Supplied material section start
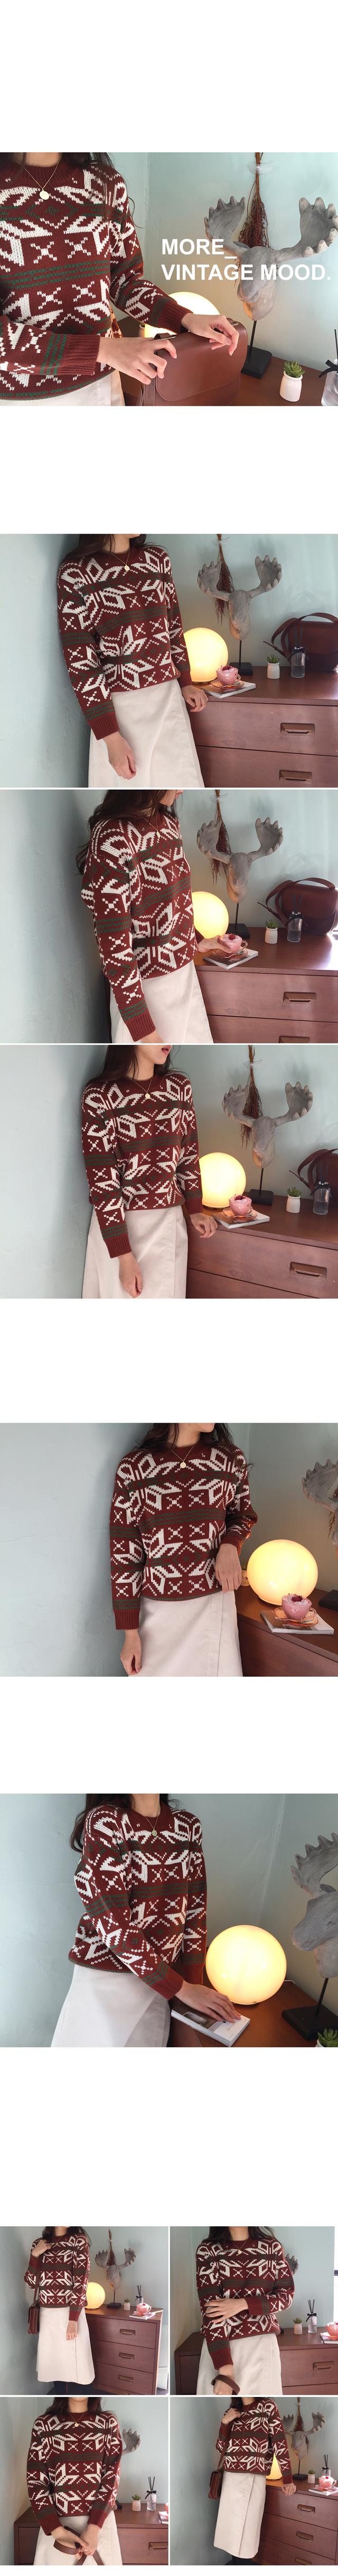 Rudolph-vintage knit
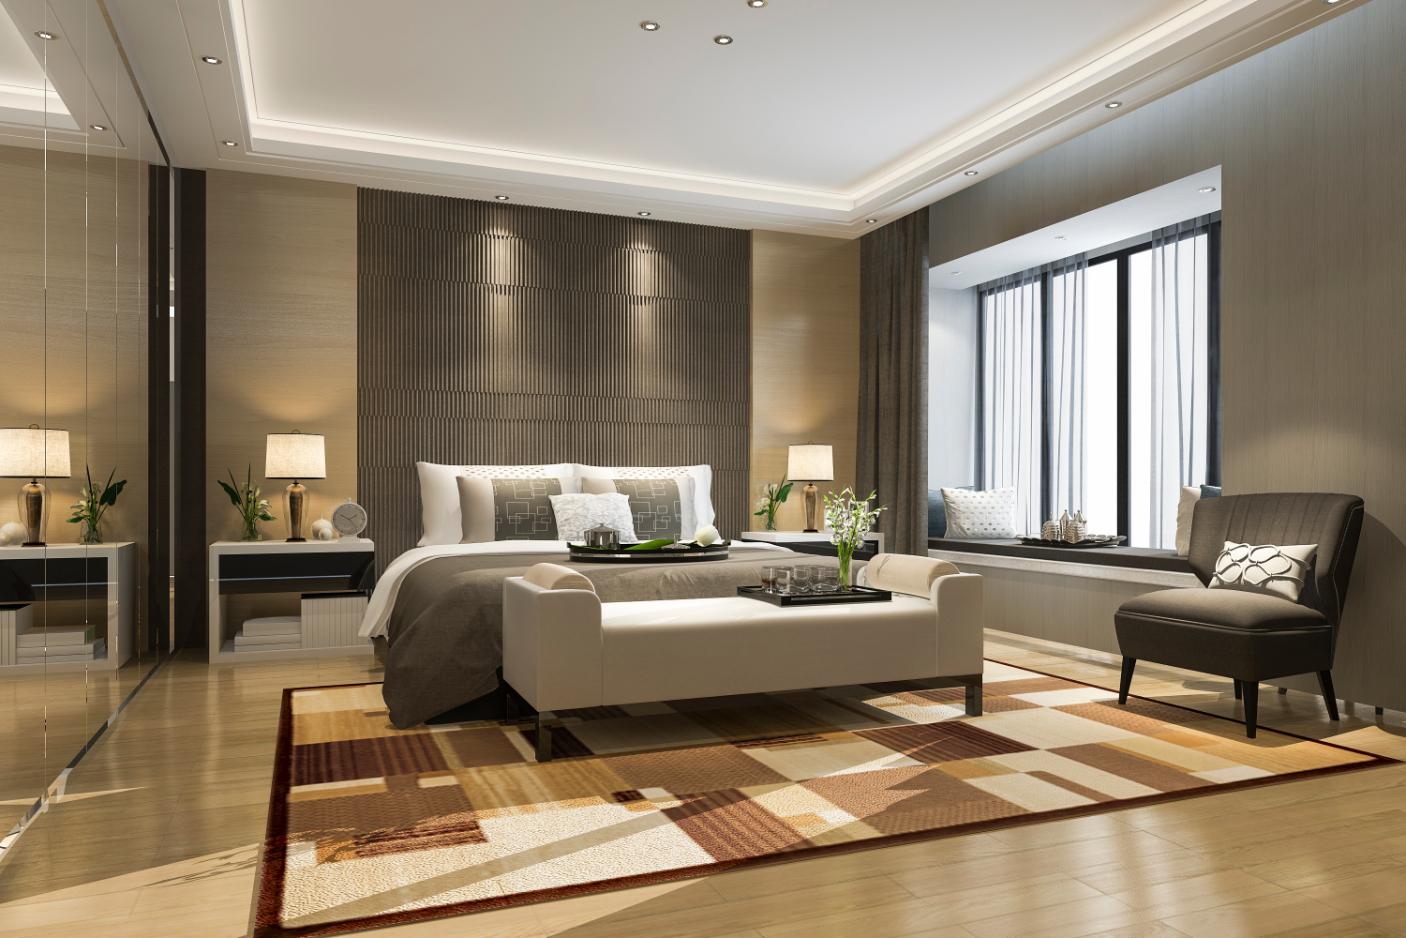 3d rendering beautiful luxury bedroom suite hotel with mirror wardrobe 1
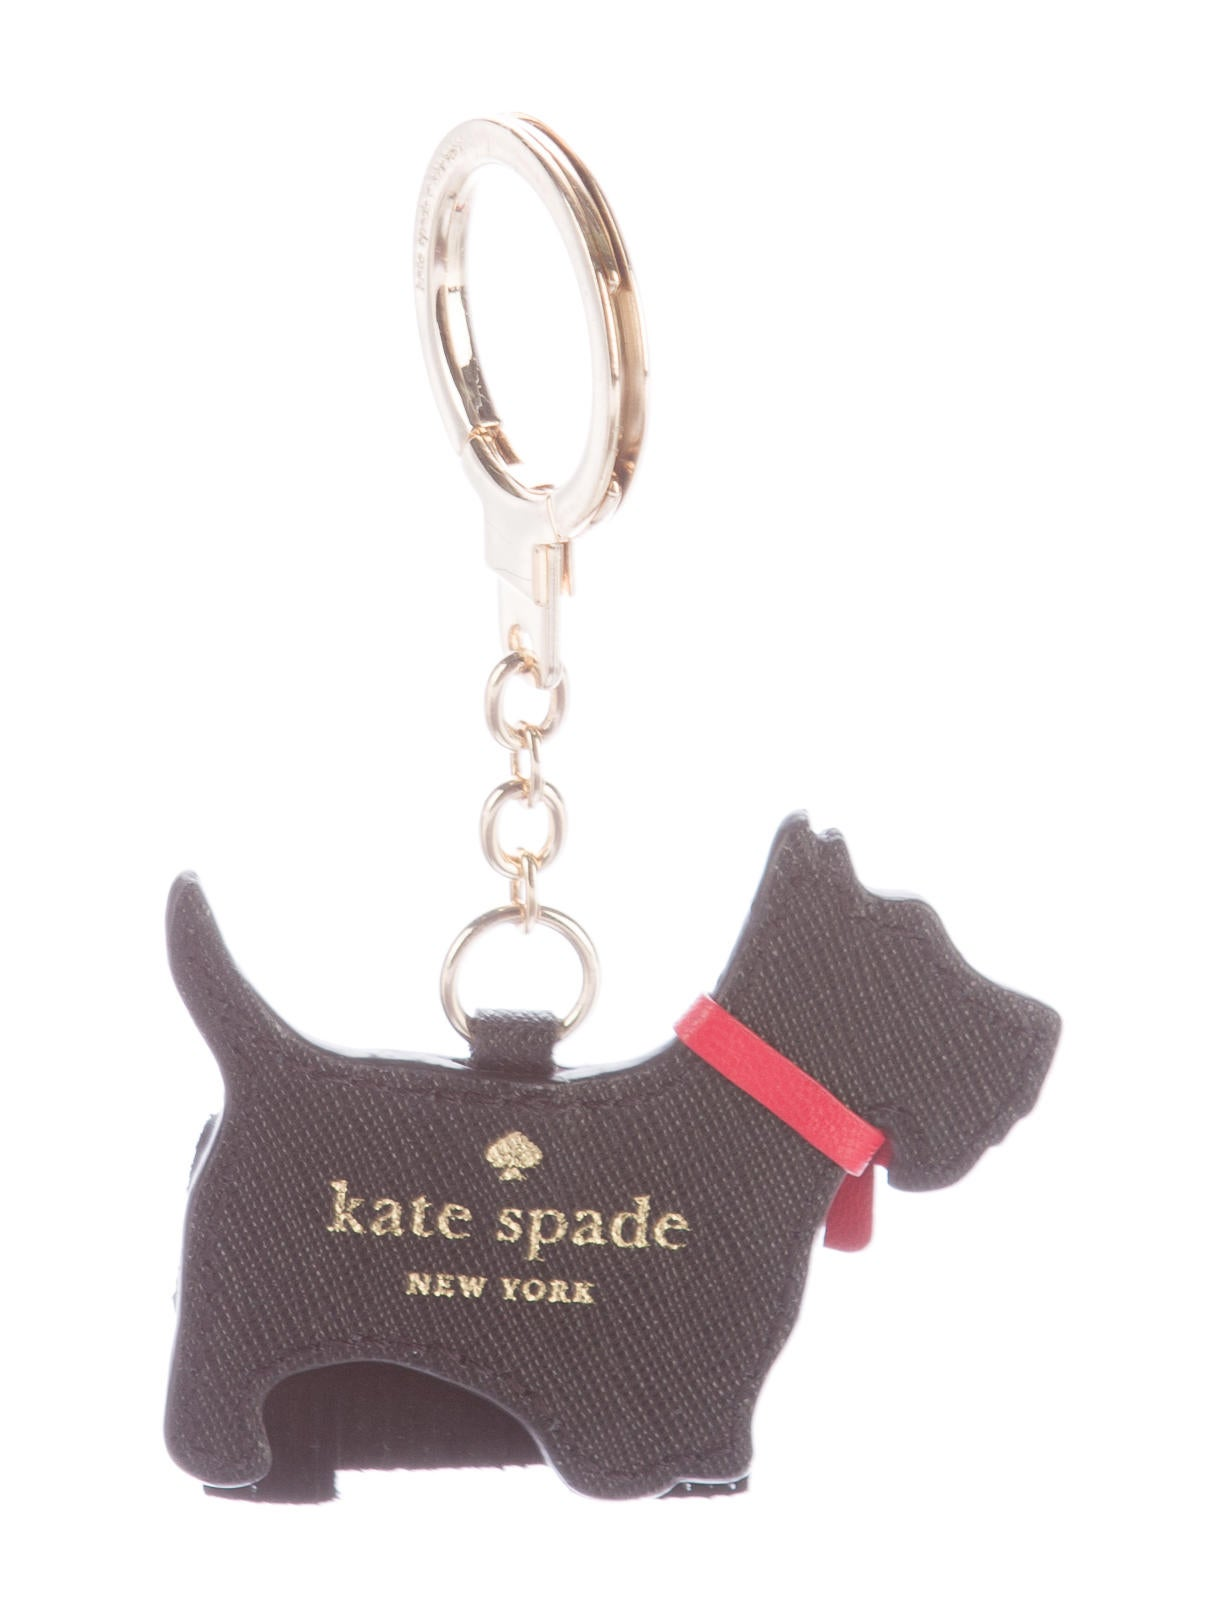 kate spade new york saffiano yorkie keychain accessories wka47675 the realreal. Black Bedroom Furniture Sets. Home Design Ideas
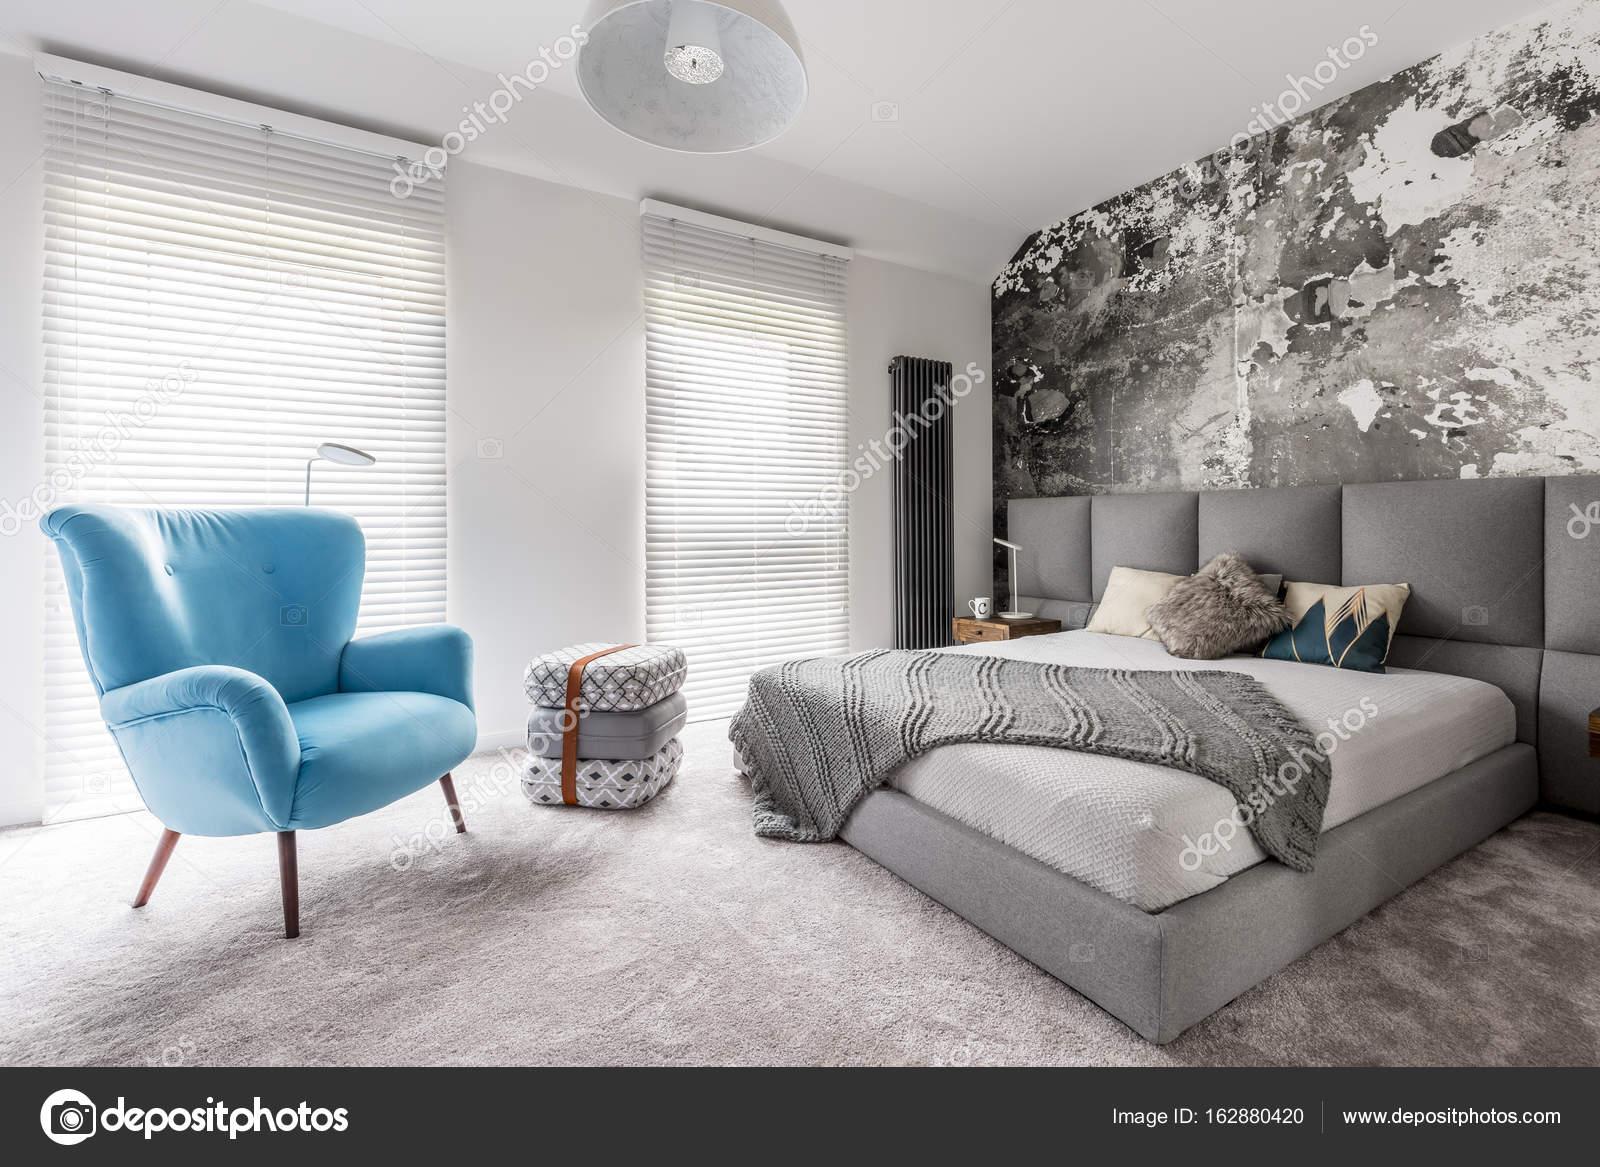 Slaapkamer Vintage Blue : Slaapkamer met vintage blauwe leunstoel u2014 stockfoto © photographee
Supplied material section end
*Exercise*: Restate exactly, and only, the lines from the one that holds "kate spade new" down to the last line of the material above. Omit the pictures.

*Exercise response*:
 kate spade new york saffiano yorkie keychain accessories wka47675 the realreal. Black Bedroom Furniture Sets. Home Design Ideas
 Slaapkamer Vintage Blue : Slaapkamer met vintage blauwe leunstoel u2014 stockfoto © photographee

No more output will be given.